Providers in the new NHS must be free to integrate care in the patient interest, even if this has the effect of reducing competition argues Chris Hopson, the new chief executive of the Foundation Trust Network.

On the High Street, competition law creates a competitive market by ensuring a range of different suppliers, fostering competition based on price, avoiding monopolies and probing vertical integration in the supply chain (for example, supermarkets owning dairies).

But there are other models for preserving the consumer interest which recognise that certain areas of our national life have specific characteristics that require a different approach.
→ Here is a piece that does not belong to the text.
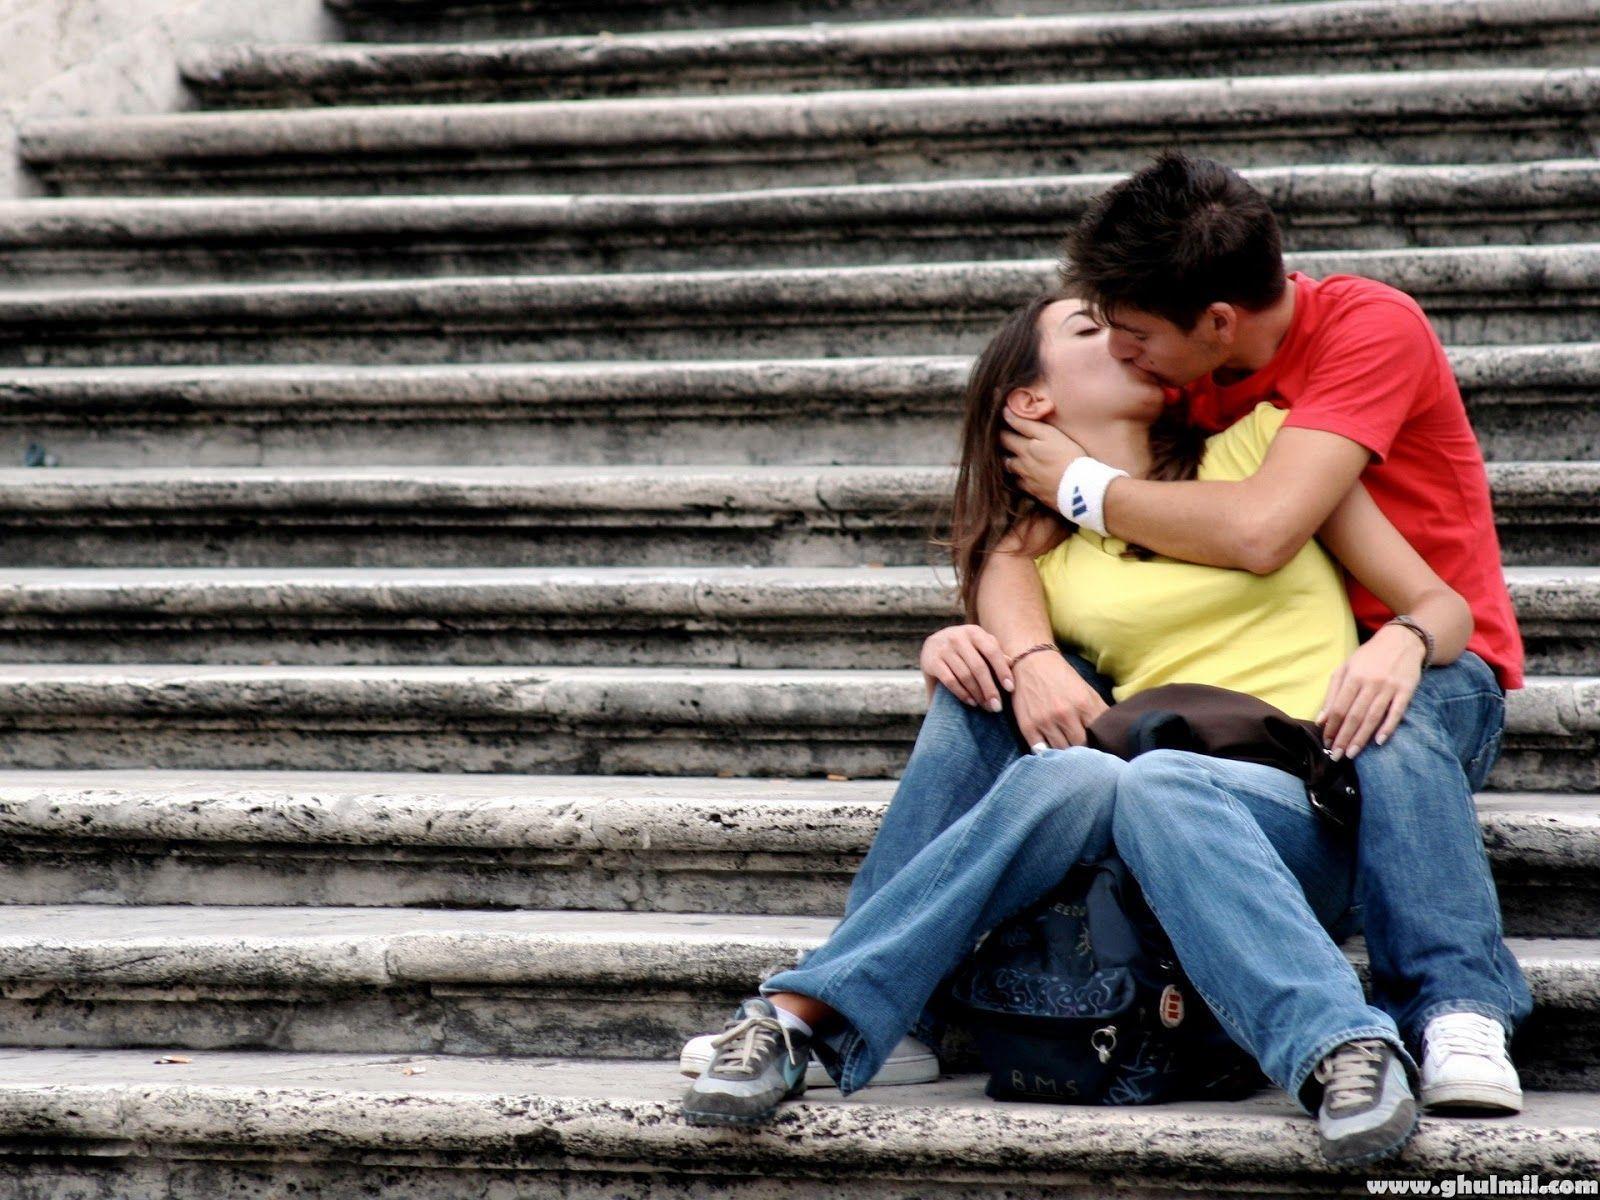 Lovely Kiss Wallpaper - WallpaperSafari

Last month, for example, saw a highly publicised row between two train operating companies bidding for a long term, monopoly, franchise. The franchise deliberately runs for long enough to enable the operator to earn a sufficient return on the expensive infrastructure needed to provide a quality customer service.
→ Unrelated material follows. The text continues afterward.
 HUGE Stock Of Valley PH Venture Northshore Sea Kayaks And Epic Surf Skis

Last month also saw the closure of the football transfer window, which restricts the times when clubs can buy new players. Clubs also now have to abide by new Financial Fair Play rules which are designed to create a level playing field by restricting the amount of money wealthy owners can invest to "buy success".

What does all this have to do with the NHS? The Health and Social Care Act, passed earlier this year, marks the next stage in the journey away from a single, all encompassing, command and control health service. It continues work begun by the previous Labour administration to create a more plural system where, in some areas of care, a wider range of providers compete to provide services for patients. As a result, patients have greater choice rather than, for example, being forced to use the closest NHS hospital.
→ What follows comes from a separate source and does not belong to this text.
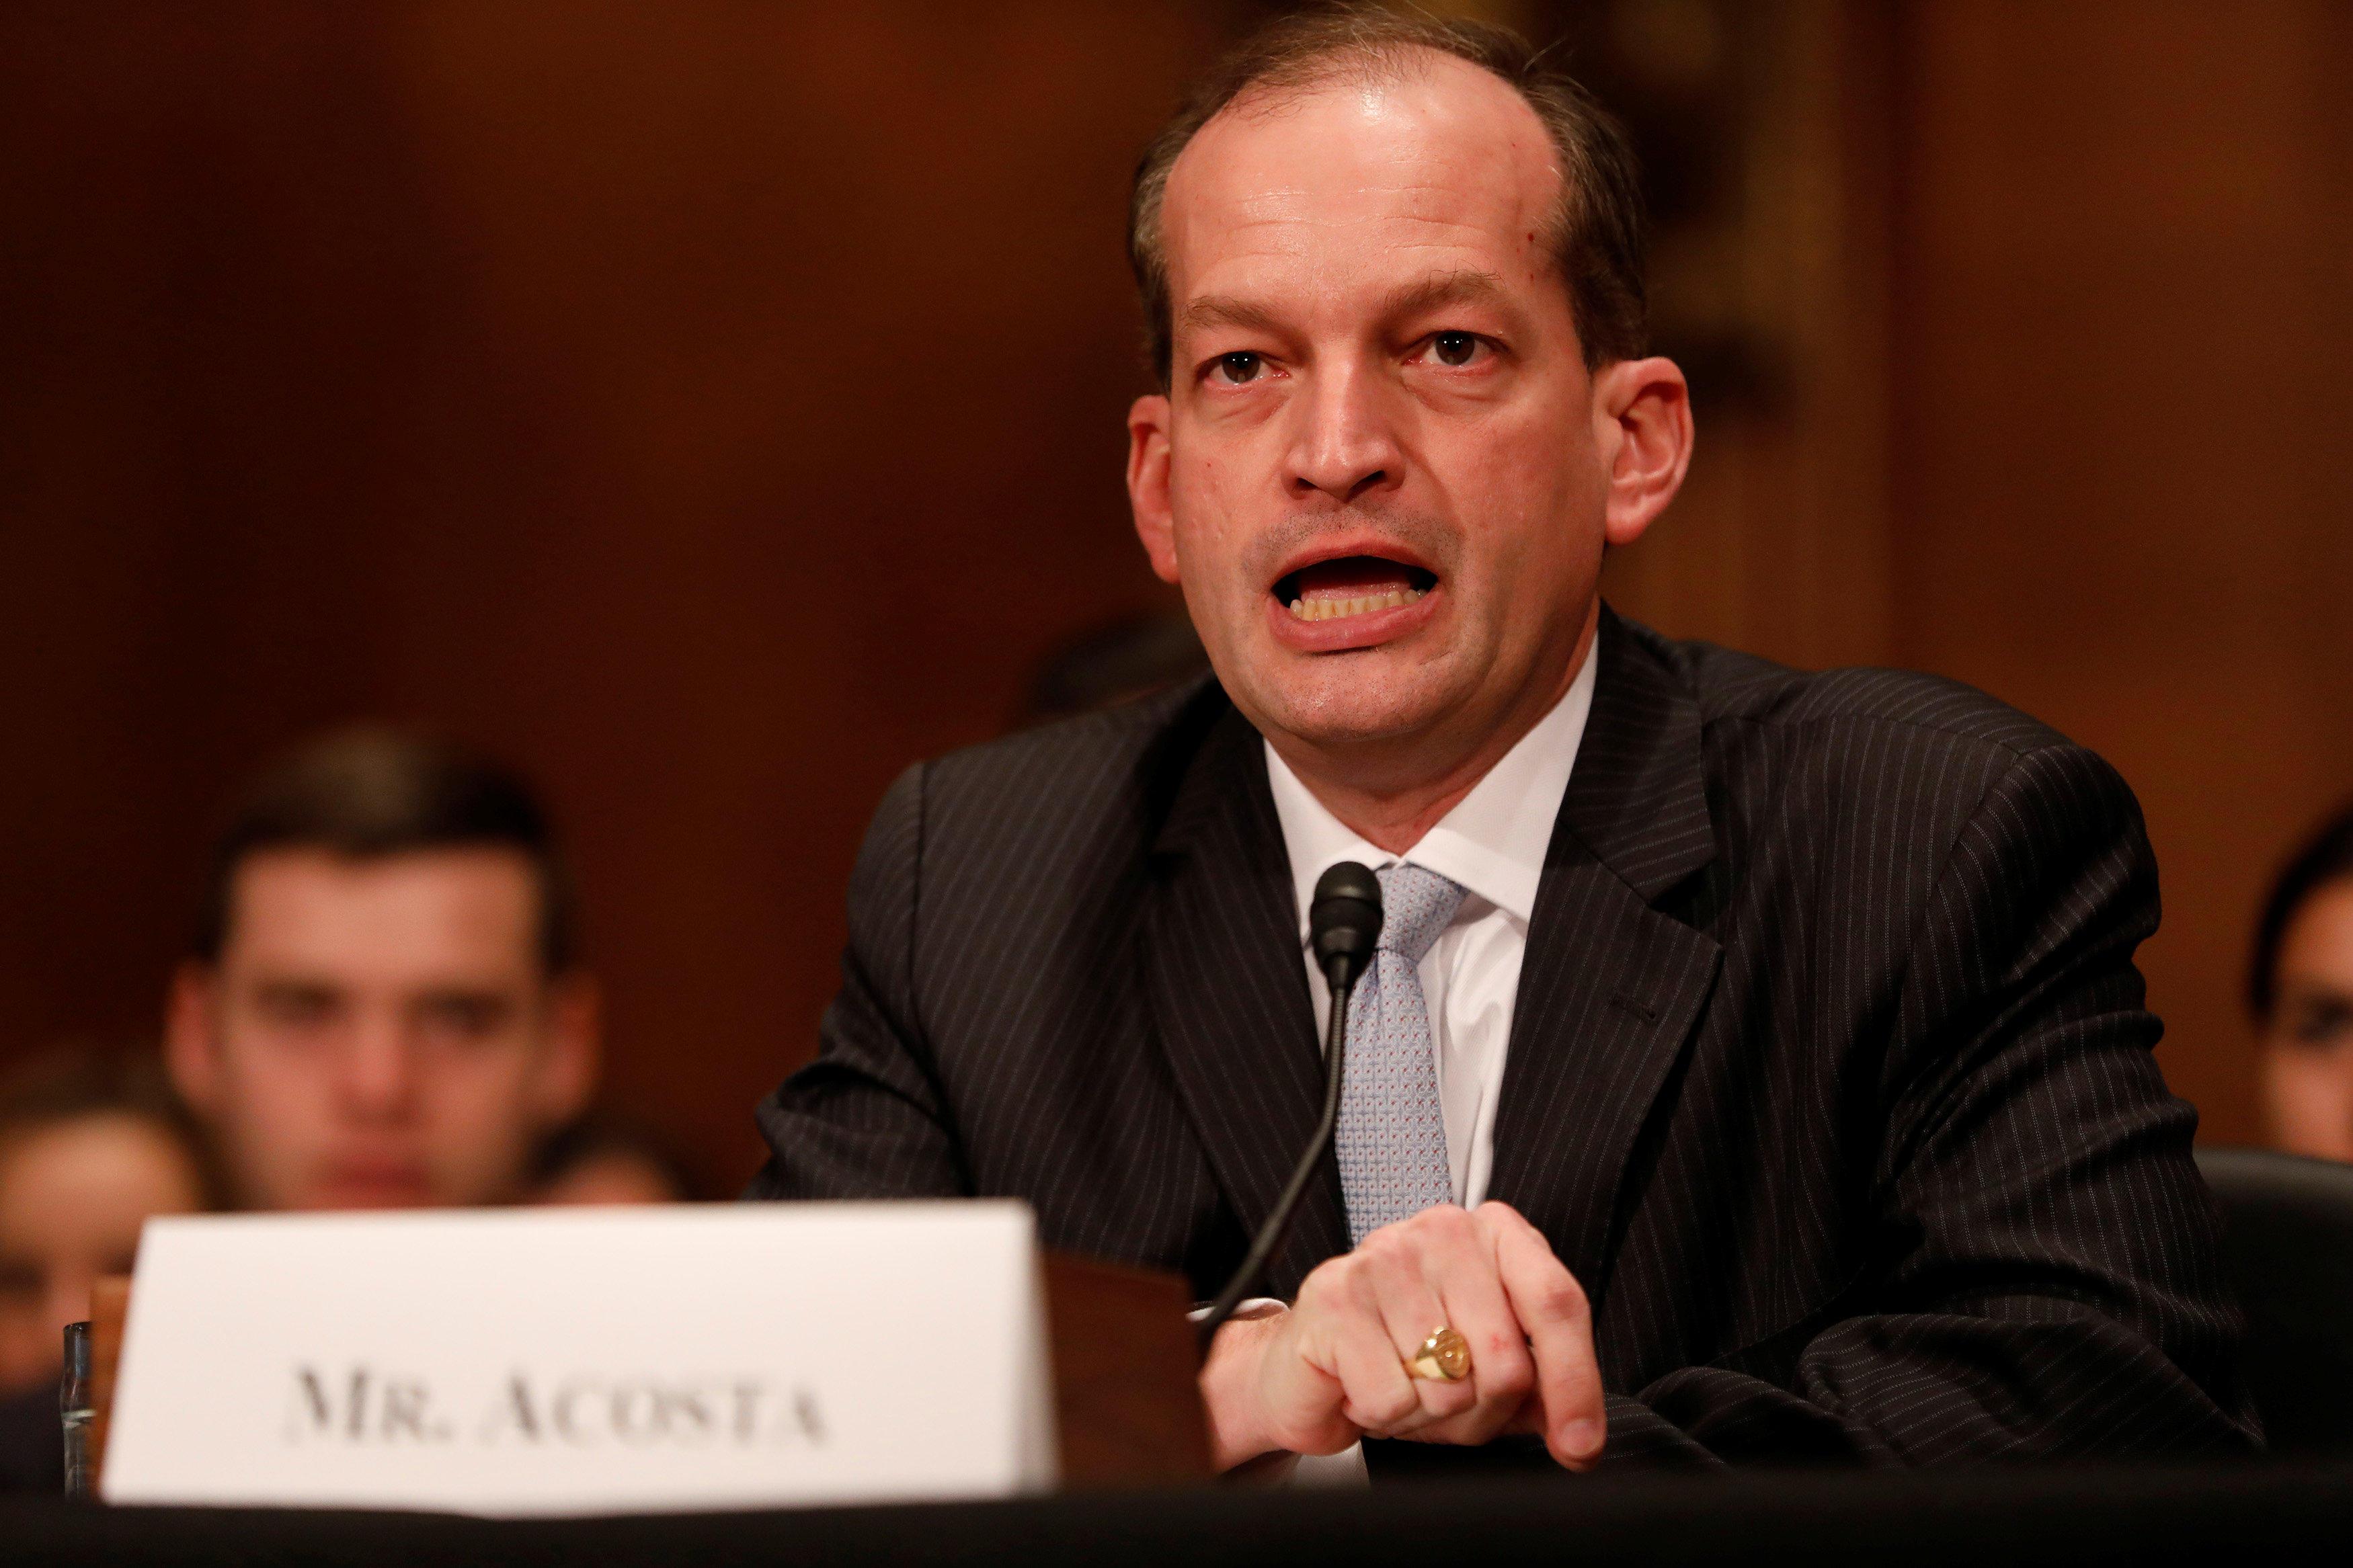 Senate confirms Alex Acosta as labor secretary, filling out Trump's cabinet

But the health sector is not the High Street. Competition is based on quality, not price, with the price of an increasing range of treatments determined by a single tariff, to be set in future by a central Commissioning Board and the sector regulator. There also needs to be a strong emphasis on integrating care, defined by the NHS Future Forum as "integration around the patient, not the system". The Forum went on to argue that "outcomes, incentives and system rules (i.e. competition and choice) need to be aligned accordingly".

It's easy to see why integrating care is so important. An 80 year old frail patient with multiple problems needs a joined-up network of acute and primary care services where geriatricians, nurses, physiotherapists, and podiatrists all understand the individual patient's needs, and the care provided has no gaps - an integrated care pathway.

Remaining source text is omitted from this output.